Recent studies have revealed that colorectal cancer (CRC) displays intratumor genetic heterogeneity, and that the cancer microenvironment plays an important role in the proliferation, invasion and metastasis of CRC. The present study performed genomic analysis on paired primary CRC and synchronous colorectal liver metastasis (CRLM) tissues collected from 22 patients using whole-exome sequencing, cancer gene panels and microarray gene expression profiling. In addition, immunohistochemical analysis was used to confirm the protein expression levels of genes identified as highly expressed in CRLM by DNA microarray analysis. The present study identified 10 genes that were highly expressed in CRLM compared with in CRC, from 36,022 probes obtained from primary CRC, CRLM and normal liver tissues by gene expression analysis with DNA microarrays. Of the 10 genes identified, five were classified as encoding 'matricellular proteins' [(osteopontin, periostin, thrombospondin-2, matrix Gla protein (MGP) and glycoprotein nonmetastatic melanoma protein B (GPNMB)] and were selected for immunohistochemical analysis. Osteopontin was strongly expressed in CRLM (6 of 22 cases: 27.3%), but not in CRC (0 of 22: 0%; P=0.02). Periostin also exhibited strong immunoreactivity in CRLM (17 of 22: 68.2%) compared with in CRC (7 of 22: 31.8%; P=0.006). Thrombospondin-2 exhibited strong immunoreactivity in both CRC and CRLM (54.5% in CRC, 45.5% in CRLM; P=0.55). GPNMB and MGP were rarely positive for both CRC and CRLM. A comparison of immunoreactive positive factors for these five genes revealed the complexities of gene expression in CRLM. Of the cases examined, 16 (72.7%) cases of CRC showed zero or only one positive immunoreactive factor. By contrast, CRLM showed more frequent and multiple immunoreactive factors; for example, 16 cases (72.7%) shared two or more factors, which was statistically more frequent than in CRC (P=0.007). The present study revealed the genomic heterogeneity between paired primary CRC and CRLM, in terms of cancer cell microenvironment. This finding may lead to novel diagnostic and therapeutic targets in the era of genome-guided personalized cancer treatment.
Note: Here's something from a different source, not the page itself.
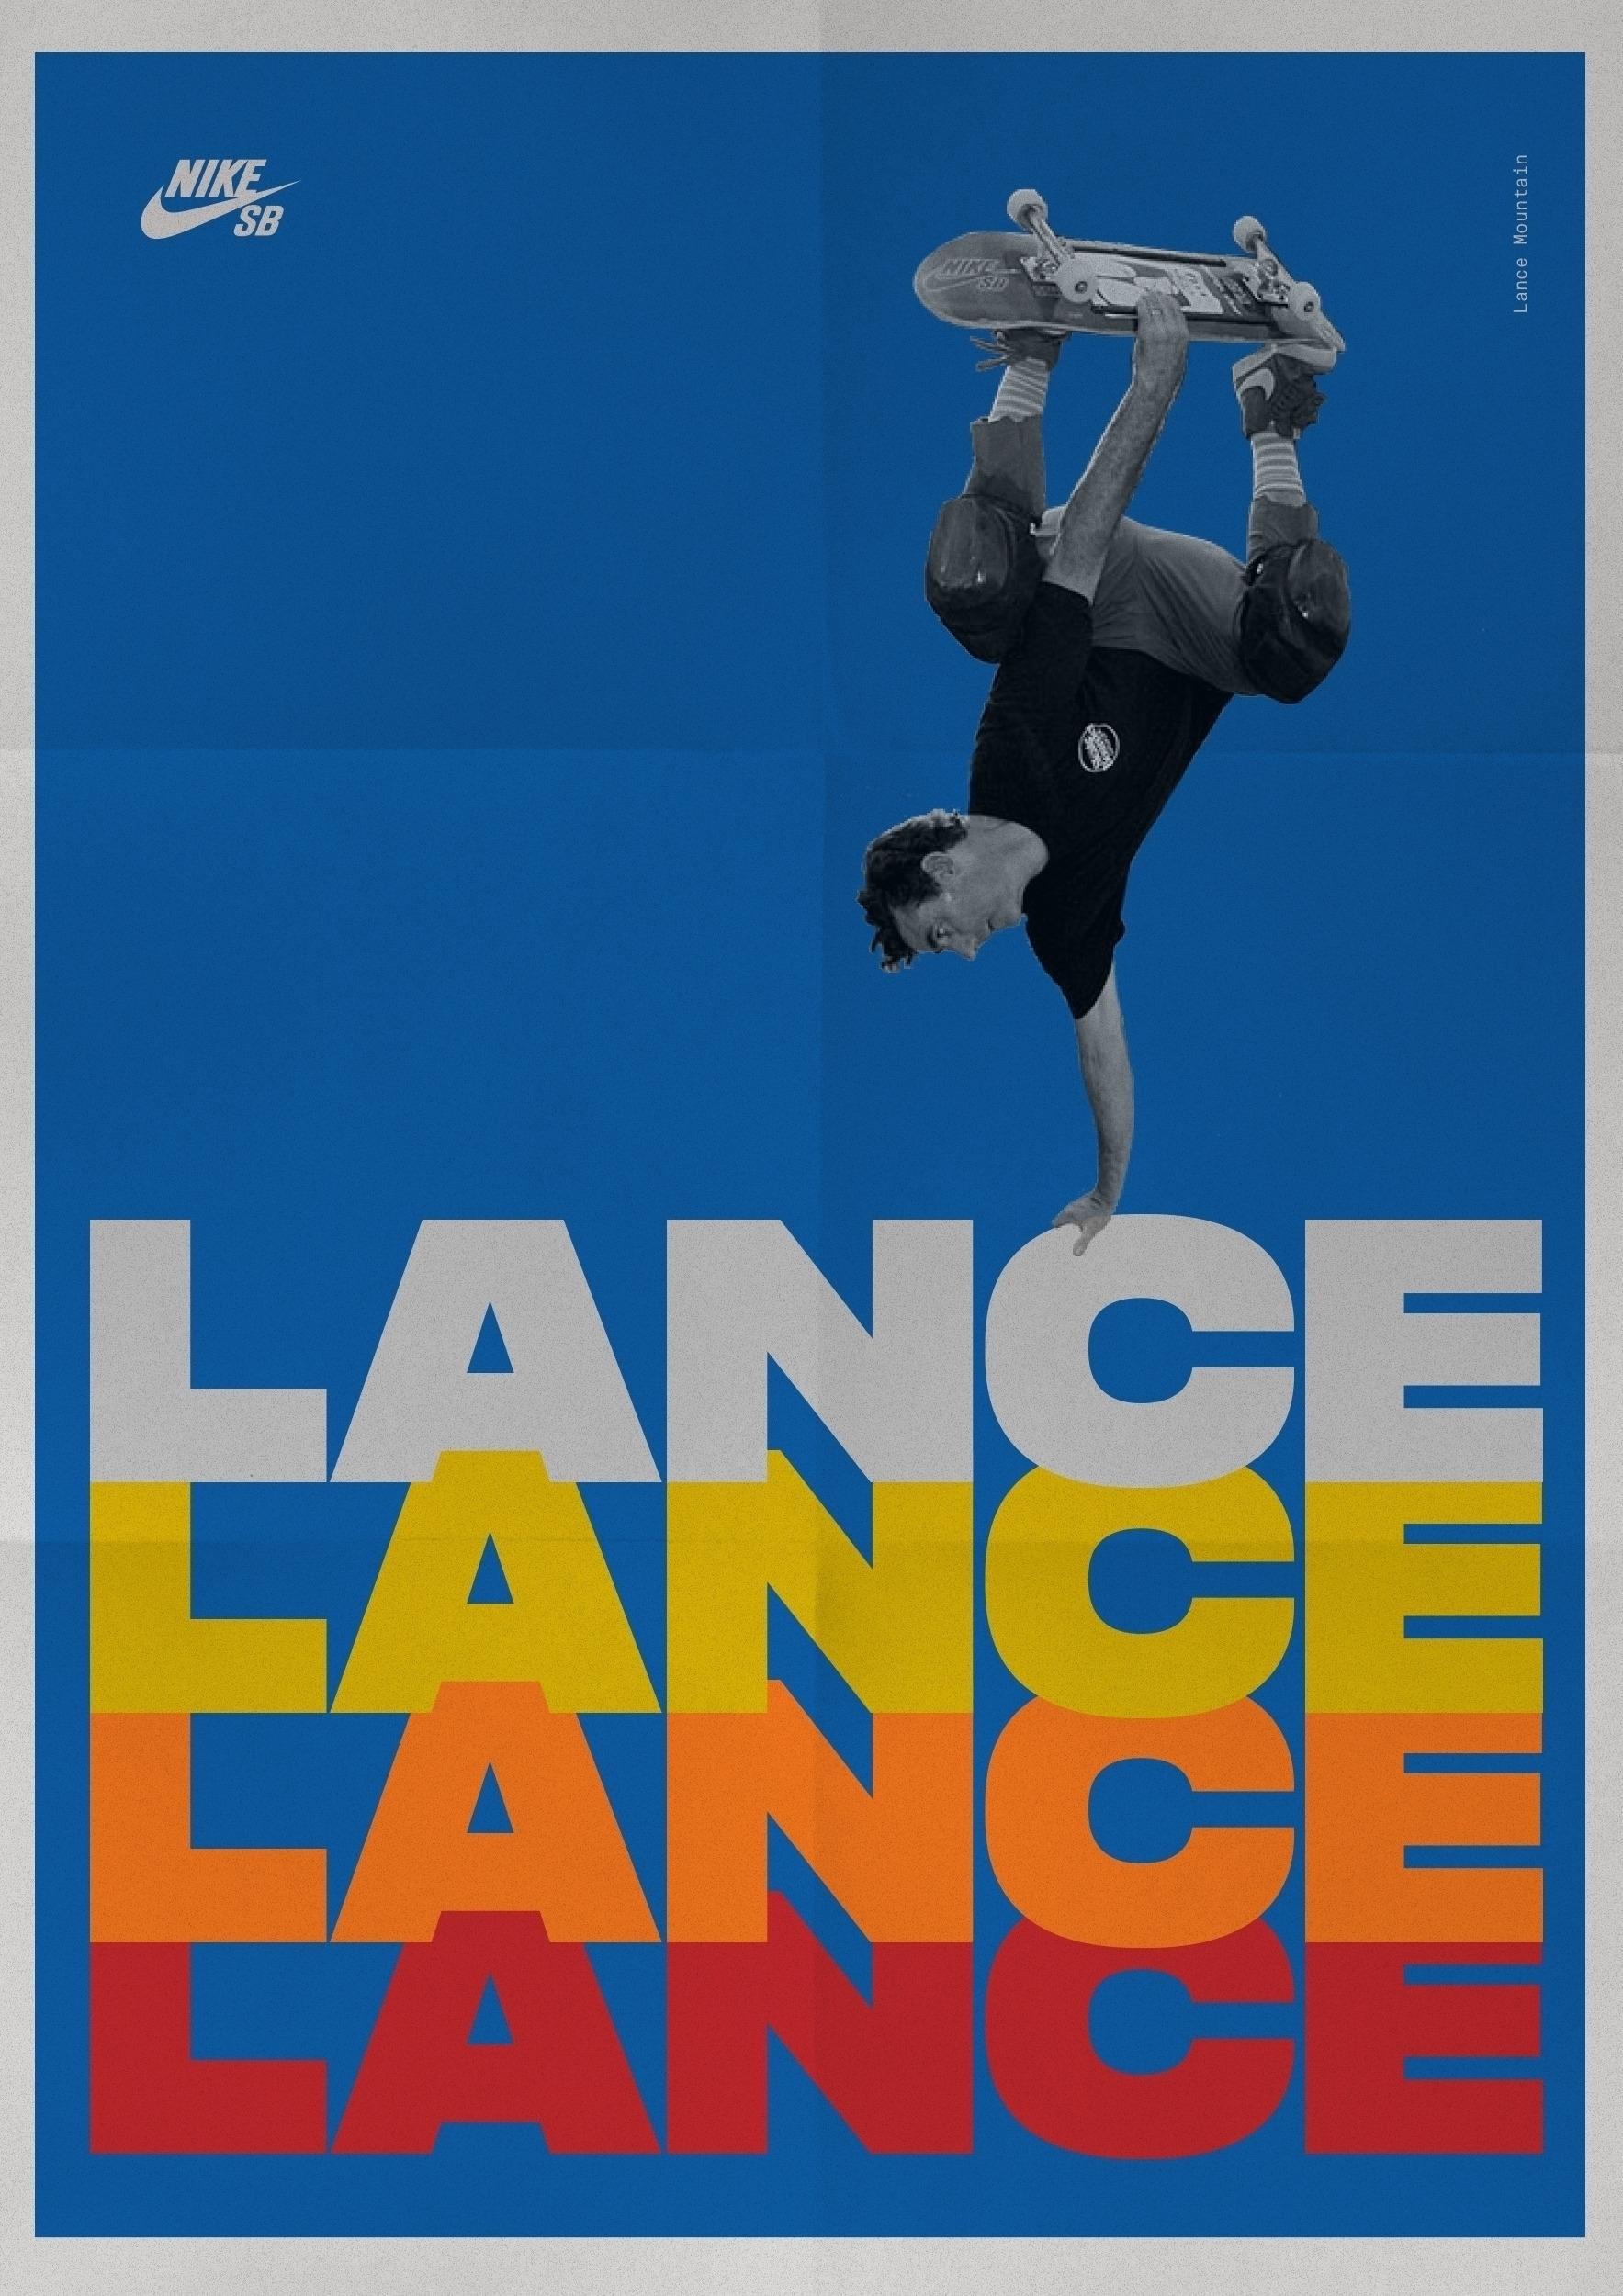 Lance Mountain Nike SB - luiscoderque | ello

近期研究表明,结直肠癌(CRC)存在肿瘤内基因异质性,且癌症微环境在CRC的增殖、侵袭和转移中发挥重要作用。本研究使用全外显子测序、癌症基因检测板和微阵列基因表达谱分析,对从22例患者收集的配对原发性CRC和同步性结直肠肝转移(CRLM)组织进行了基因组分析。此外,免疫组织化学分析用于确认通过DNA微阵列分析确定在CRLM中高表达的基因的蛋白表达水平。通过对原发性CRC、CRLM和正常肝组织进行基因表达分析,从36,022个探针中,本研究确定了10个与CRC相比在CRLM中高表达的基因。在确定的10个基因中,有5个被归类为编码“基质细胞蛋白”[骨桥蛋白、骨膜蛋白、血小板反应蛋白-2、基质Gla蛋白(MGP)和糖蛋白非转移性黑色素瘤蛋白B(GPNMB)],并被选用于免疫组织化学分析。骨桥蛋白在CRLM中强烈表达(22例中的6例:27.3%),但在CRC中不表达(22例中的0例:0%;P = 0.02)。与CRC(22例中的7例:31.8%;P = 0.006)相比,骨膜蛋白在CRLM中也表现出强烈的免疫反应性(22例中的17例:68.2%)。血小板反应蛋白-2在CRC和CRLM中均表现出强烈的免疫反应性(CRC中为54.5%,CRLM中为45.5%;P = 0.55)。GPNMB和MGP在CRC和CRLM中均很少呈阳性。对这5个基因的免疫反应阳性因子进行比较,揭示了CRLM中基因表达的复杂性。在所检查的病例中,16例(72.7%)CRC病例显示零个或仅一个免疫反应阳性因子。相比之下,CRLM显示出更频繁和多个免疫反应因子;例如,16例(72.7%)共享两个或更多因子,这在统计学上比CRC更频繁(P = 0.007)。本研究揭示了配对原发性CRC和CRLM之间在癌细胞微环境方面的基因组异质性。这一发现可能会在基因组导向的个性化癌症治疗时代带来新的诊断和治疗靶点。